> _Records for the task_:
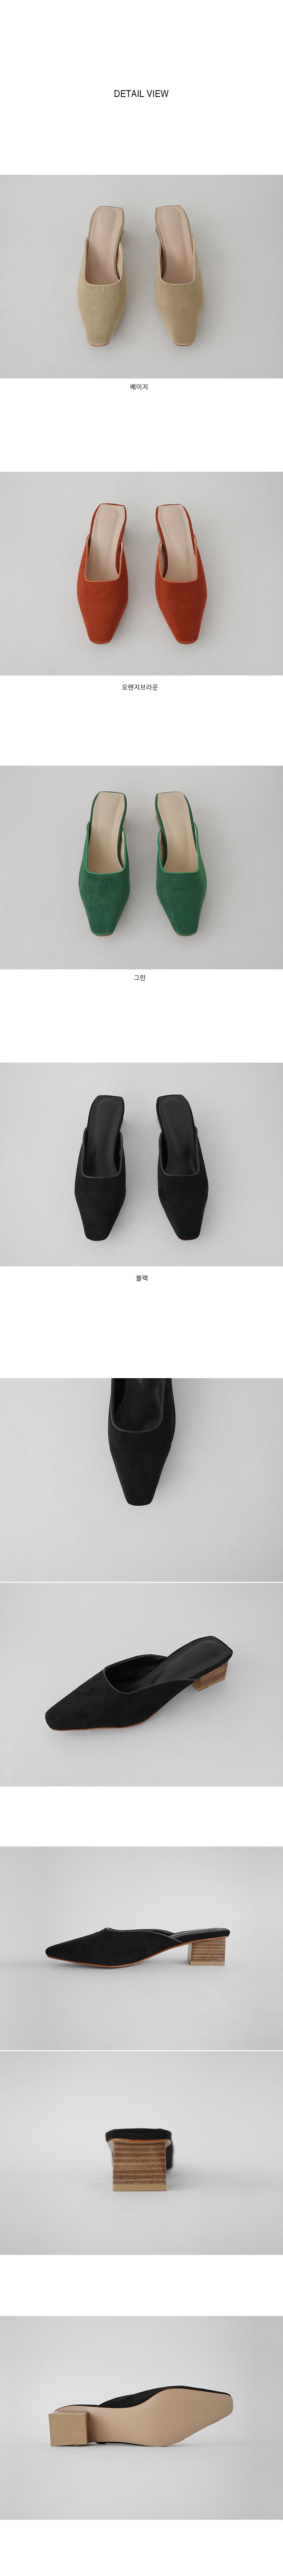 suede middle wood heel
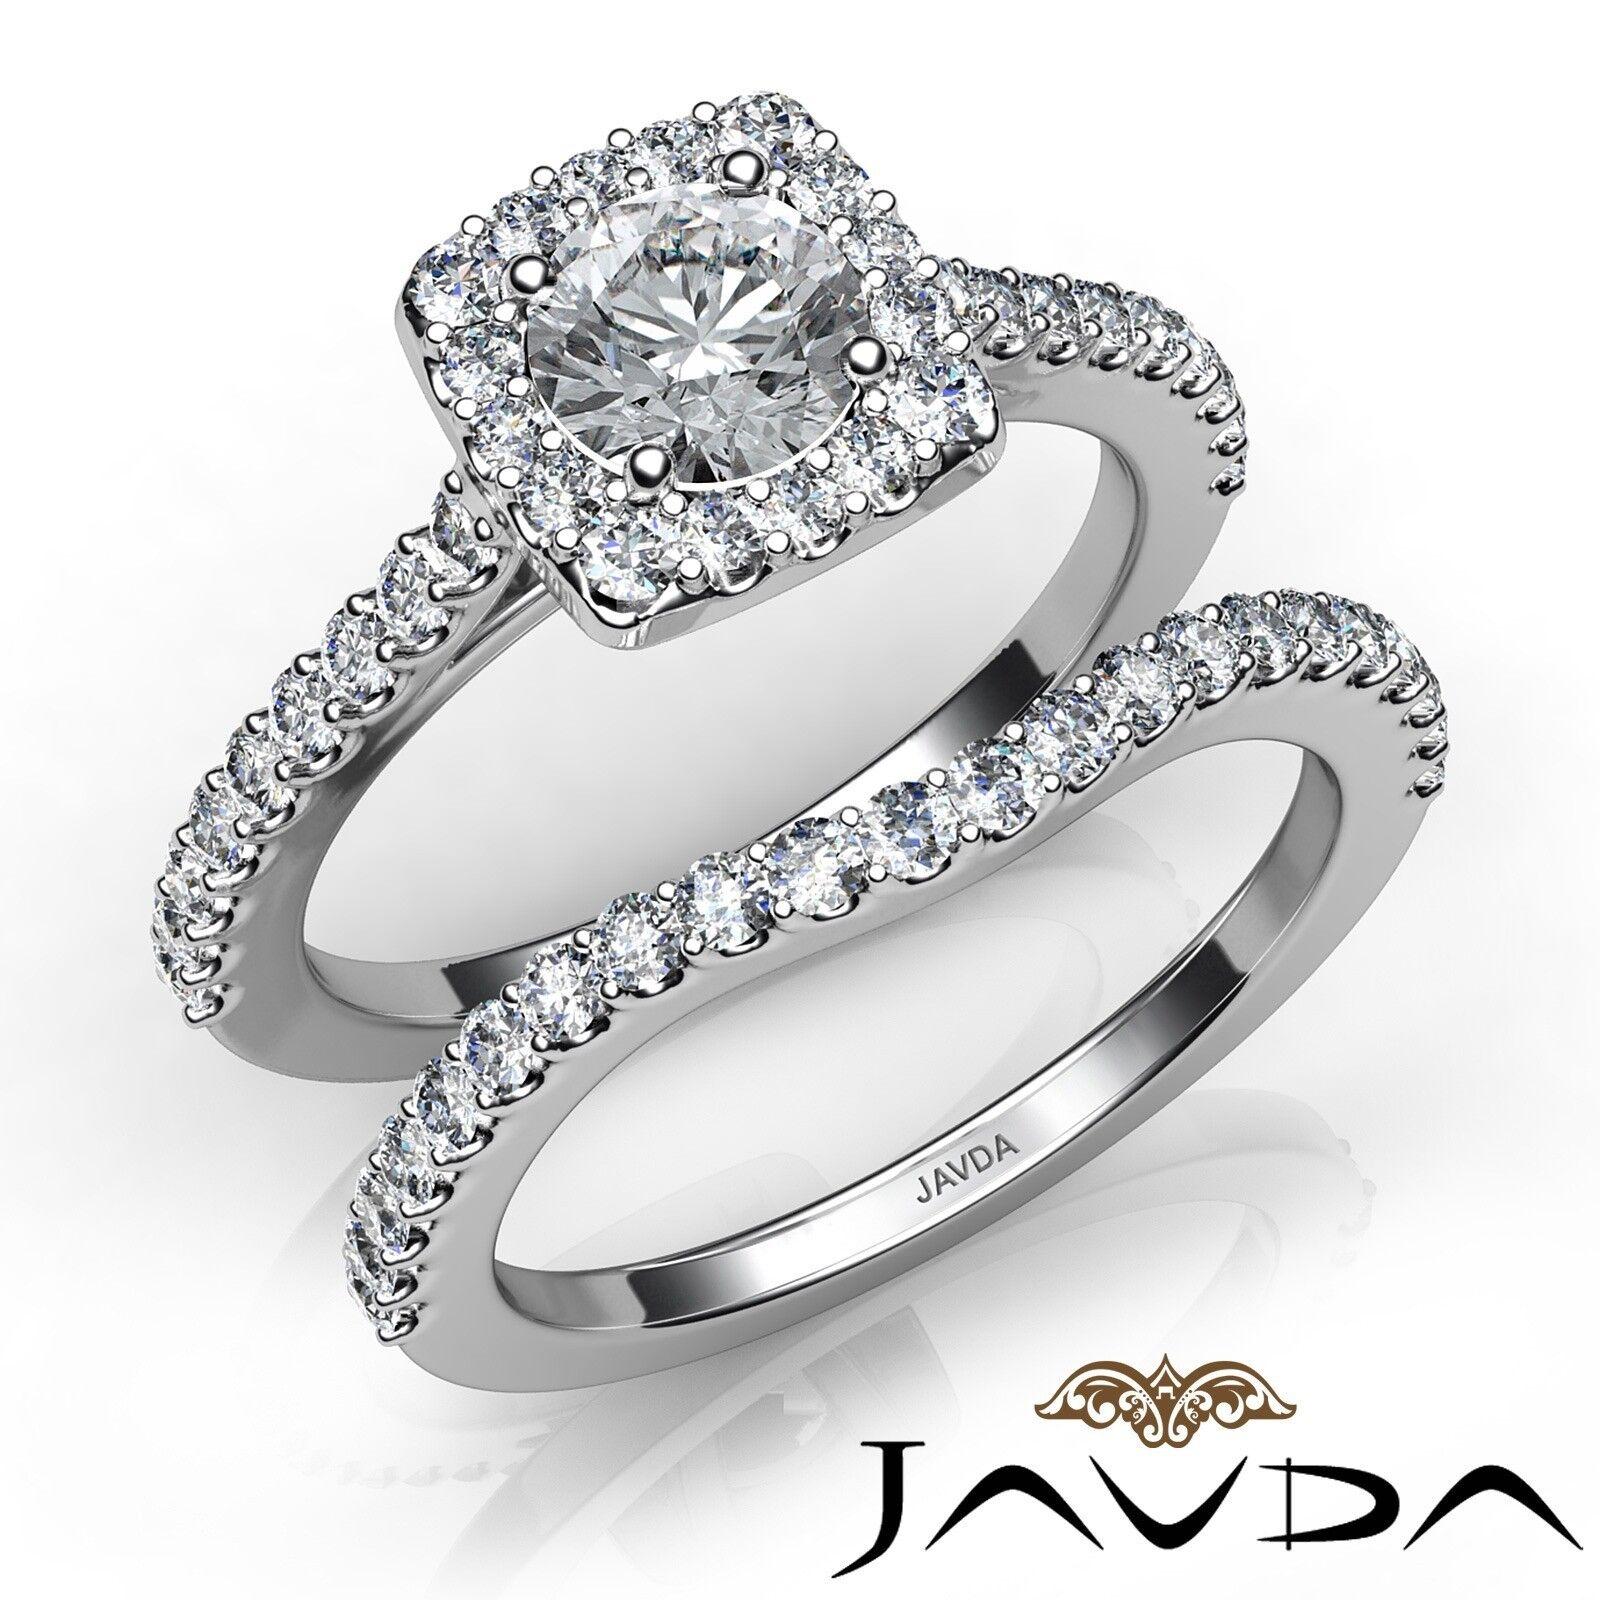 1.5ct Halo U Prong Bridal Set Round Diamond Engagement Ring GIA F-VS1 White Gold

---

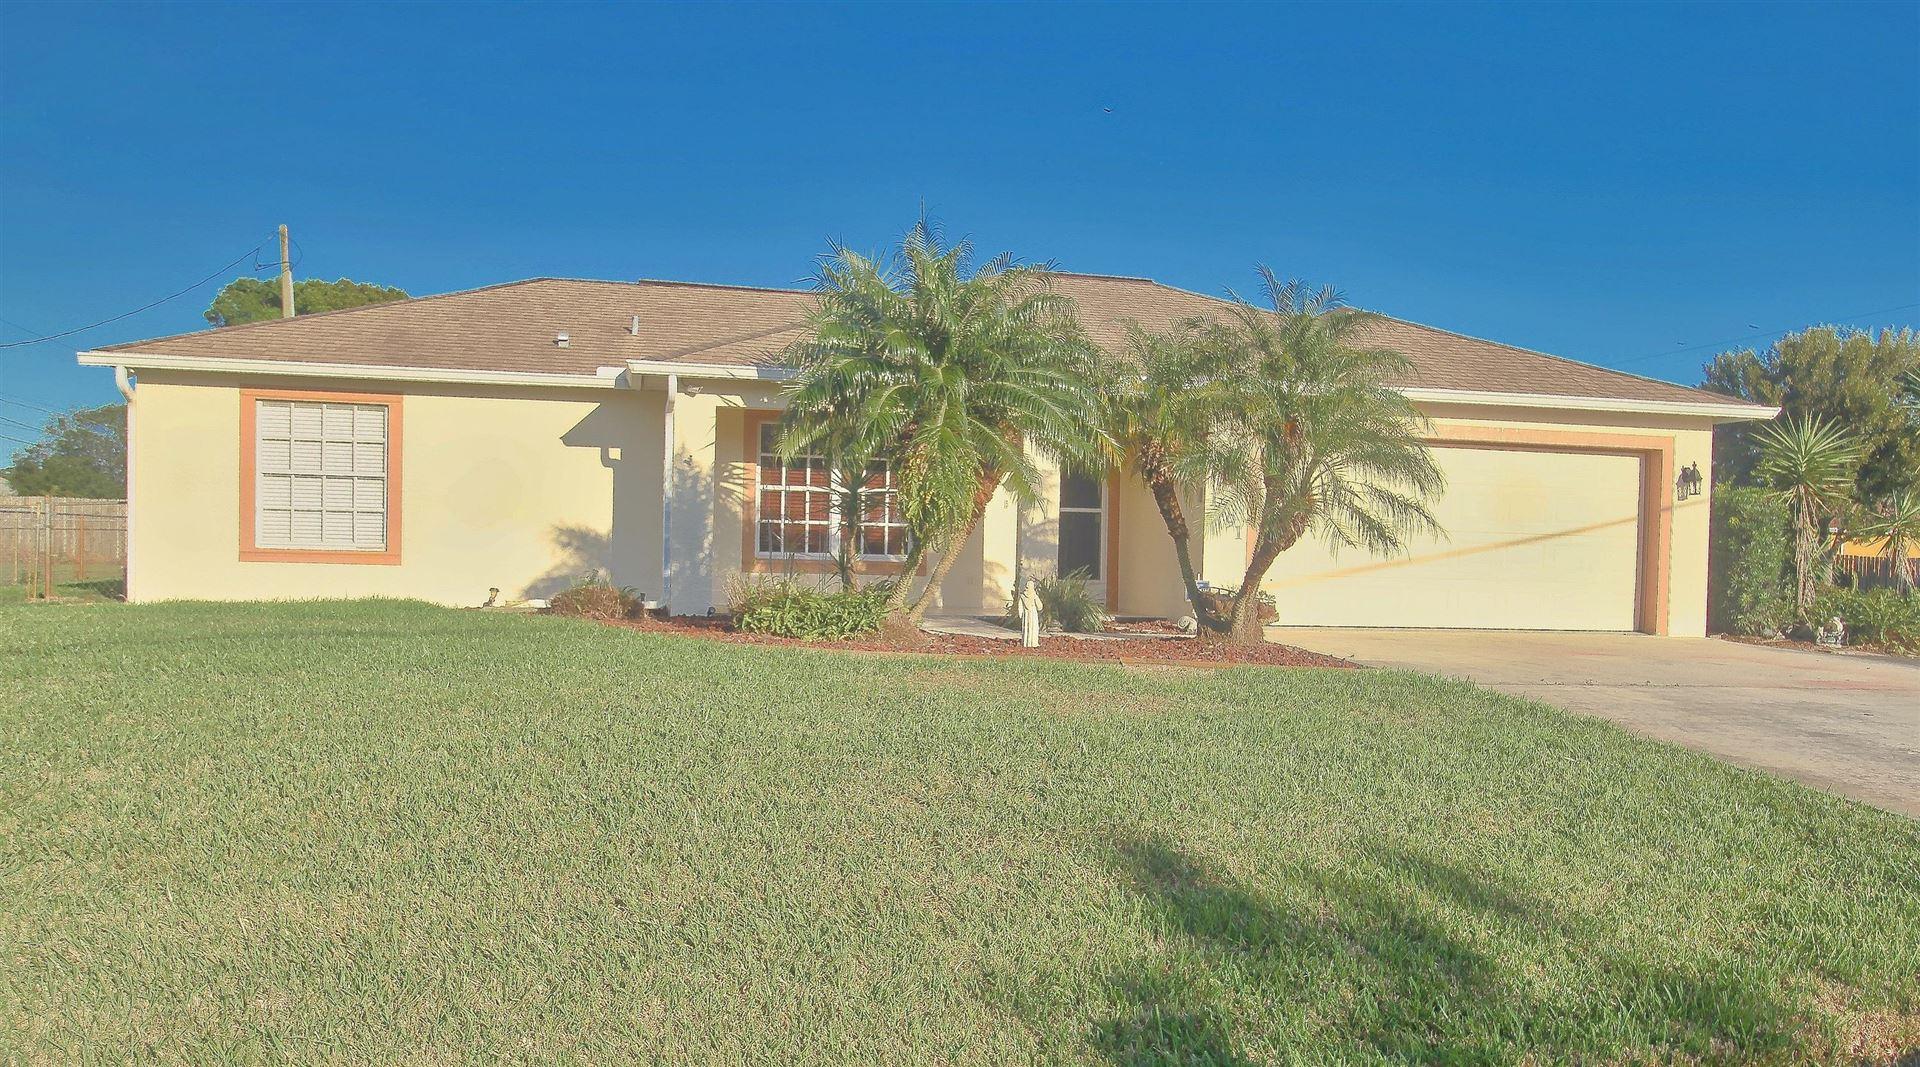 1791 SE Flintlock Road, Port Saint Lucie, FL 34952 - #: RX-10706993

> _What this task involves_: Extract, without any images, the part of the material above that opens with the line containing "suede middle wood heel" and closes with the line containing "1.5ct Halo U", both lines included.

> _Written reply_:
 suede middle wood heel
 1.5ct Halo U Prong Bridal Set Round Diamond Engagement Ring GIA F-VS1 White Gold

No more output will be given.